### Your goal
Look below for the line containing "by Mays, D.L."; from there through the line containing "Stella & Rose's Books", both lines included, please set down each line exactly and nothing else.

BEGIN Study material

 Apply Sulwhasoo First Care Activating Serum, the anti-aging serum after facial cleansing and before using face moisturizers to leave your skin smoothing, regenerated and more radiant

END Study material
BEGIN Study material

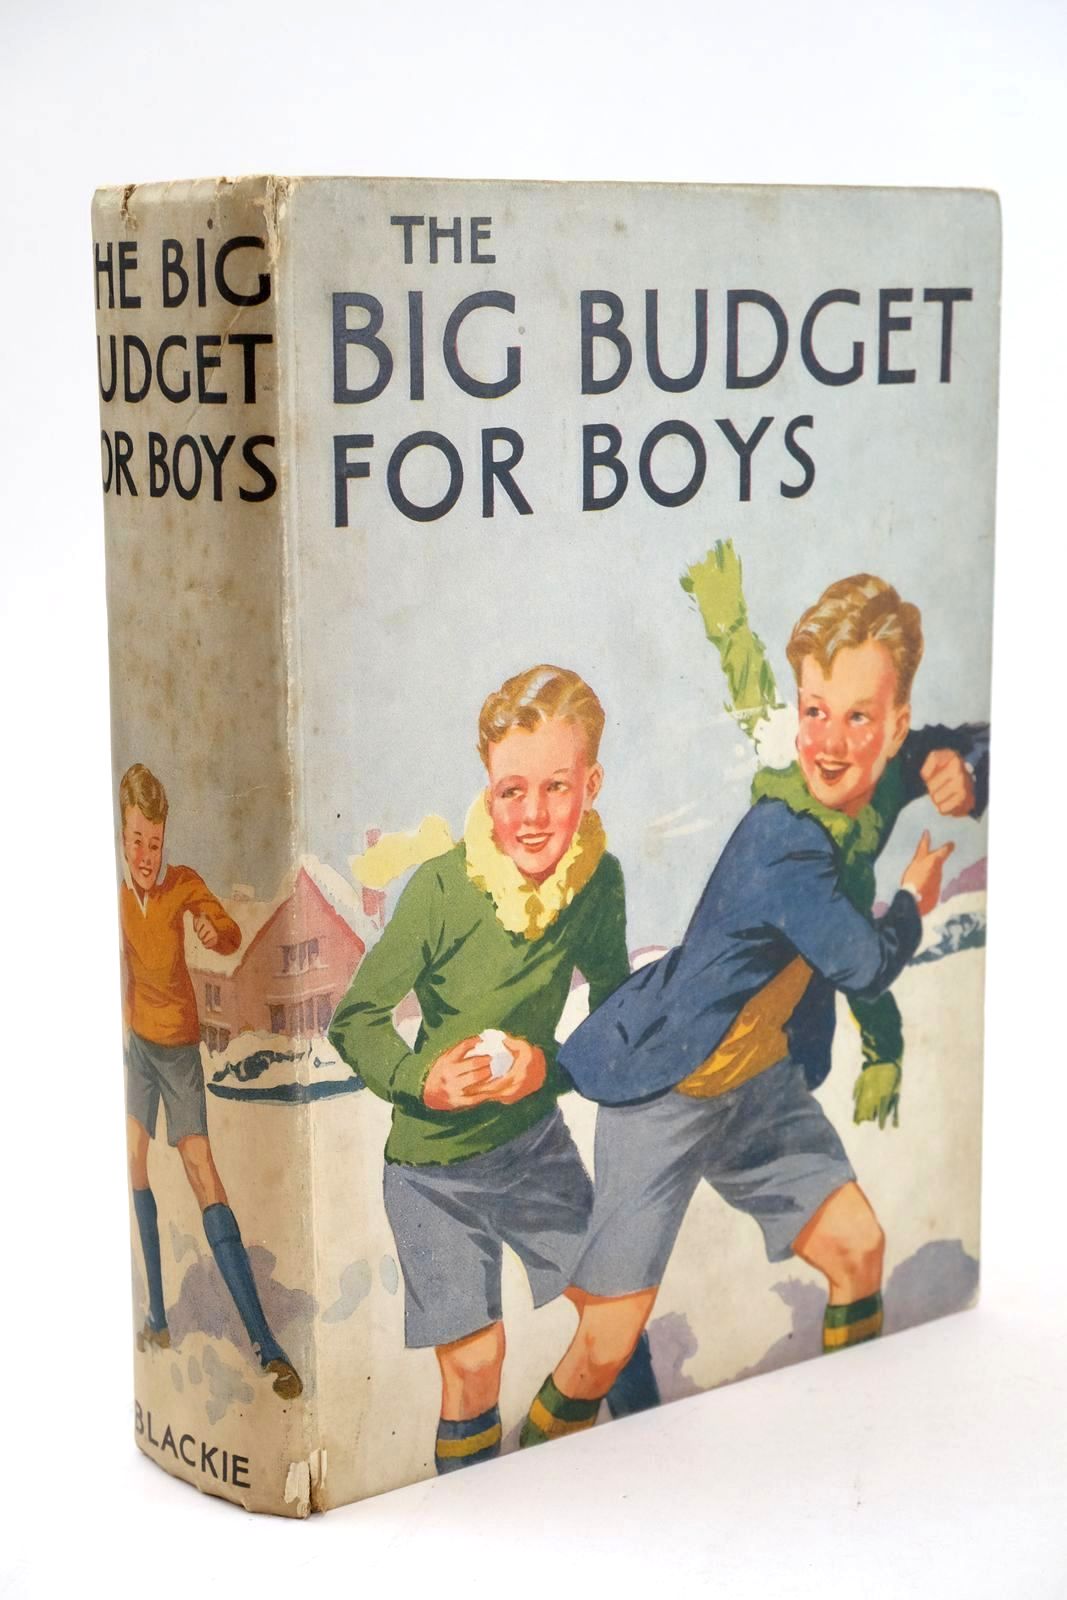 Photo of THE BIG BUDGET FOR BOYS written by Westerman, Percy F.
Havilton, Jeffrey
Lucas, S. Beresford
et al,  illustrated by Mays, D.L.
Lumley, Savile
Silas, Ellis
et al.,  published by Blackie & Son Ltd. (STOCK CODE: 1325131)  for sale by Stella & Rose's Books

END Study material

### Solution to this task
et al,  illustrated by Mays, D.L.
Lumley, Savile
Silas, Ellis
et al.,  published by Blackie & Son Ltd. (STOCK CODE: 1325131)  for sale by Stella & Rose's Books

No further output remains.